Thursday, April 12, 2018

13/04/2018: Current market sizes for fishmeal across farmed fish species

by Dr Neil Auchterlonie, Technical Director, IFFO 

We were very pleased to welcome to the IFFO office in London this week the new IFFO President, Eduardo Goycoolea from Chile. 
 
Eduardo is the President of IFFO over the 2018-2019 period, and it was a great opportunity to review our work and think strategically about the future for IFFO and the global fishmeal and fish oil industry for that period and beyond. Eduardo has been in the industry for many years and has previously held the position of President, jointly with Helge Korsager, when IFFO was created from the predecessor organisations FEO and IFOMA in 2001, so he brings a wealth of understanding and knowledge to the strategic planning that is so important for a trade body.

One interesting discussion looked at the current market size for fishmeal across the farmed fish species.
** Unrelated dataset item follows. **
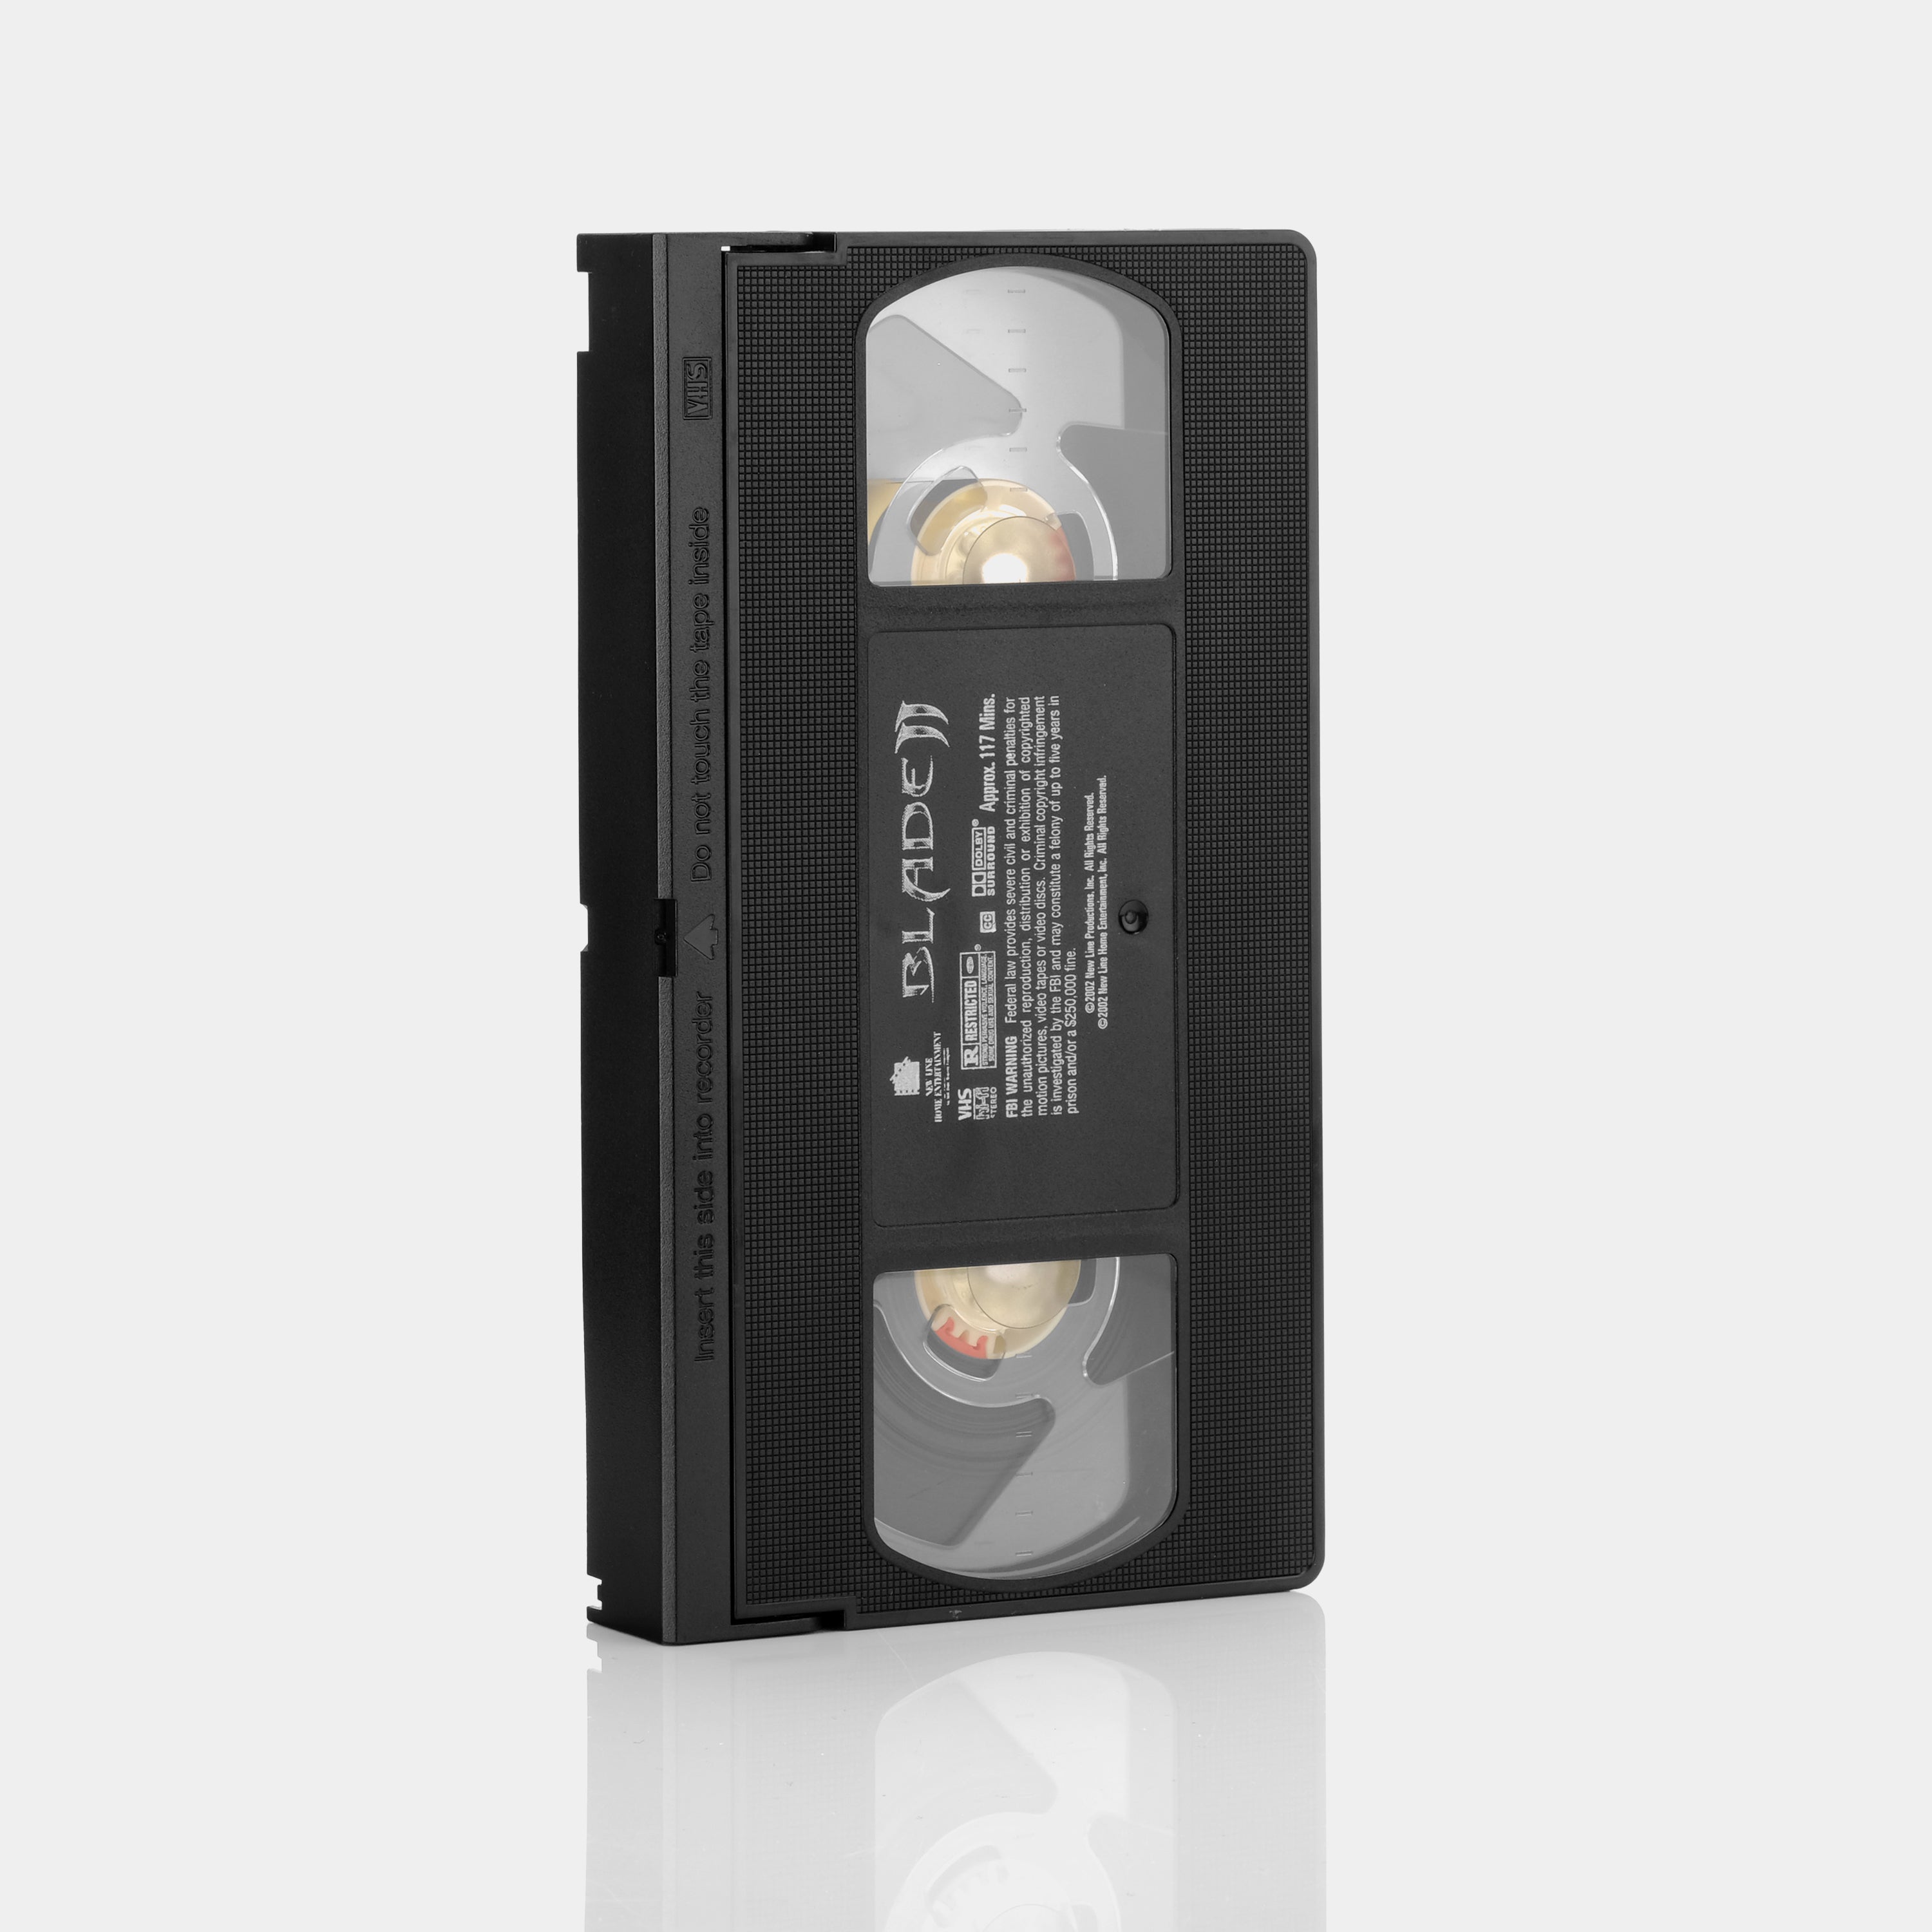 Blade II VHS Tape

There is an assumption that the farming of salmonids takes the biggest proportion of fishmeal allocated to aquaculture, but actually it is interesting to look at the data. An analysis of figures for 2016, the last year for which IFFO has complete data at this point, shows that the allocation to shrimp feed was 941,000 tonnes, and that to salmonids was 730,000 tonnes.

Another way to put it is to say that the amount going to salmonid feed is a little over three quarters that allocated to shrimp. The next closest species group in 2016 was the freshwater species, taking a total of 446,000 tonnes of fishmeal, a surprising quantity for a species that has comparatively low inclusion rates in feed but with a volume of production that clearly carries a significant impact on global fishmeal supply. Other groups such as the carps, eels, marine species and tilapias varied between 116,000 tonnes and 278,000 tonnes total usage in 2016.